| teenybuffalo ( @ 2009-06-01 13:23:00 |
| Entry tags: | books, movies, peter lorre, zombies |
"Merely admiring myself. I am an author." "You look it. Move along."
Oh, right--I promised you Crime and Punishment and zombies, didn't I? Well, for anyone who was puzzled by my last entry, this is what I meant to address.
At the end of the story, Raskolnikov is in Siberia working out his sentence. (I liked how he almost chickened out of confessing, when the only witness died, and yet he saw Sonia watching him and couldn't bear to disappoint her. Hello, Miss Moral Compass.) And he's hanging around in the penal colony, doing his work and stumbling through his life from day to day and paying his debt to society, but he still despises that society and can't make himself admit a reason why he should be sorry for anything he's done.
Then he gets sick and has a fever for several days. While he's ill he has a prolonged nightmare, in which a plague sweeps across the world. This plague makes its victims lose all their ability to cooperate with one another, form societal units, have loyalties, or care about anyone besides themselves. Civilization collapses, people starve where they stand, drop dead of sickness, struggle on in a bleak and uncaring world and then die alone. People try to band together for mutual protection, but as everyone is infected by this point, they can't make themselves stick to their intentions, and they wind up fighting pointlessly or wandering apart. Roving infectees stumble across Europe, and kill and eat each other when they can. The whole human race dies out.
At this point, Raskolnikov wakes up and is horrified, and decides to be a better person. Now, if the dream occurred in a work by a lesser writer, I'd call it a heavy-handed piece of moral-pointing.

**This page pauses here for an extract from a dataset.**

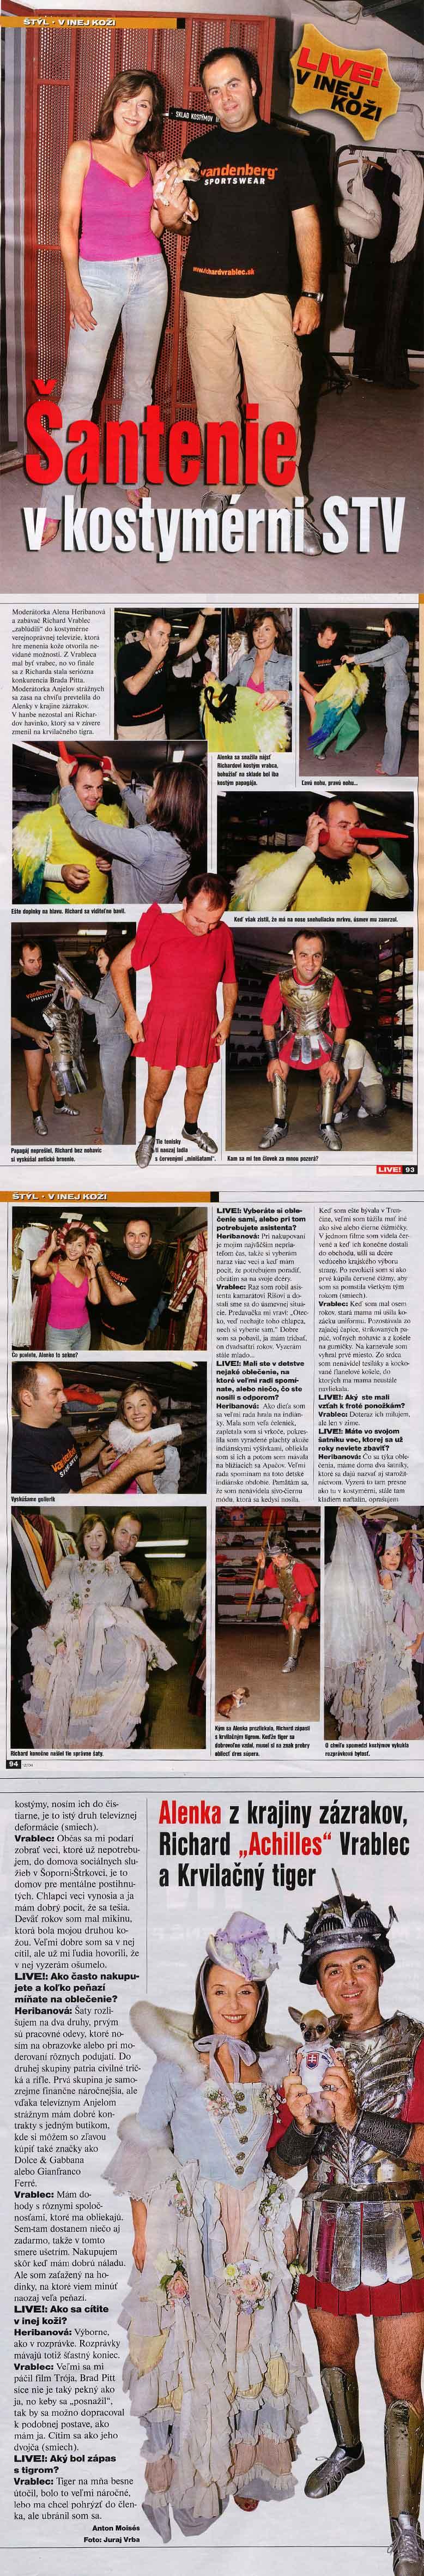 Magazín LIVE!, jún 2004: Šantenie v kostymérni STV

Dostoyevsky's a good enough writer, though, that I didn't think of it as a falling anvil of morality. For one thing, it's put into Raskolnikov's subconscious, and the realization is very much his, so much that I forgot it was the author's point as well. For all the parodic psychoanalytic twaddle-speak from some of the characters early in the book, the author has a good grip of the way people's minds work. For another thing, we've had enough reminders that Raskolnikov's conscience bothers him throughout the book, that it feels right that finally he would give in to himself. Eventually, he had to crack. His own subconscious is hitting him over the head with the cluehammer.

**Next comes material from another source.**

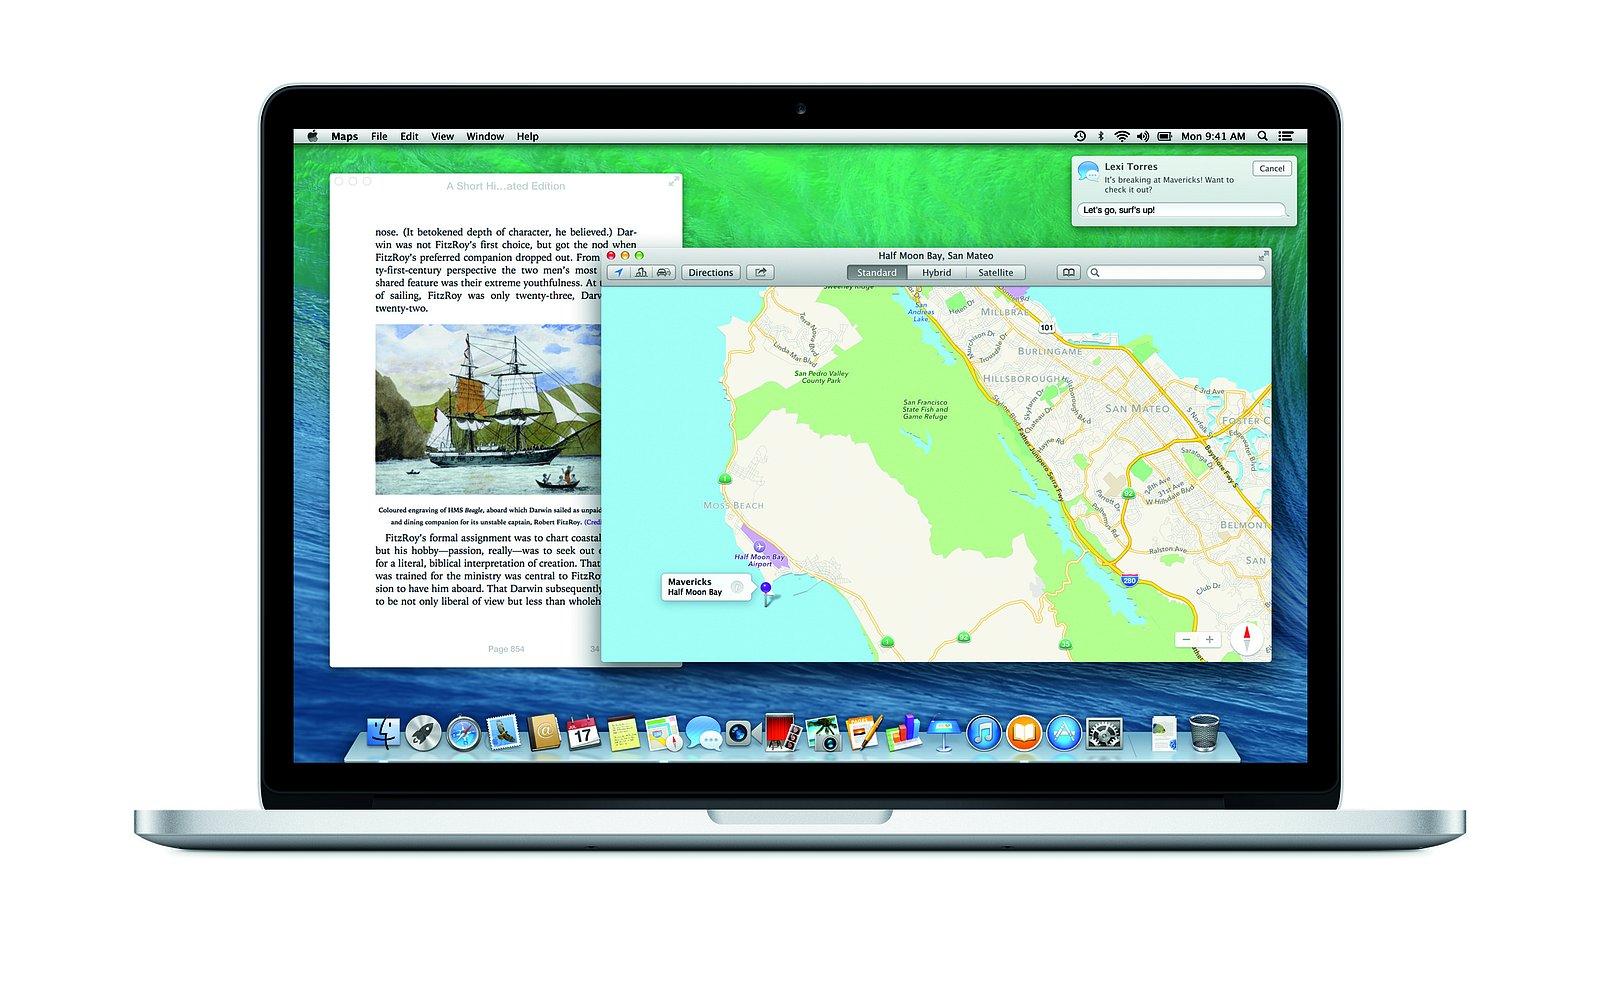 Nový OS X a produkty společnosti Apple

Now, I know that the dream is about Raskolnikov telling himself "What would the world be like if we all thought we were Nietzhean supermen?" And I know there was no such thing as the Zombie Apocalypse in Dostoyevsky's time. But doesn't Raskonikov's dream remind you of a zombie movie? 'Tis said, they eat each other. It's got all the elements--a mysterious plague, roving dehumanized people who feel entitled to eat you up, desperate struggles to survive by refugees who can't really cooperate after all. Zombie stories are what all the cool people are writing these days; I wonder if anyone else has ever put this in fiction.
And on a completely different note, I've been watching excerpts from the 1935 Crime and Punishment with Peter Lorre as Raskolnikov, and it looks... well... bizarre. The way that a really uneven Film Of The Book can be disturbing and yet fun. They seem to have packed it down from a long, sprawling moral drama into a short, fast-moving thriller. The old pawnbroker gets a lengthy scene that makes us hate her--y'know, so we won't feel bad when Raskolnikov gives her the chop. And I think they try to give Raskolnikov a clearly-defined motivation, give him a lot more fun stuff to do, and generally remake him into the kind of antihero you can laugh and cry with, instead of the depressed young lump of misery from the book. Of course, he's also played by Peter Lorre, so he has to have a chance to play with people's lapels and invade their personal space. I'll suspend complete judgment until I've watched the whole film in order, but so far it looks misguided but fun.
You have to watch this one sequence. If you have ever read Crime and Punishment, please, please watch this. It's wonderful. It's so wrong, but I love it so much. The scene in the book bears no resemblance to this one at all, but, you know? That doesn't matter. They ought to have done all this in the book. It's like Dostoyevsky as played by Harpo and Zeppo Marx.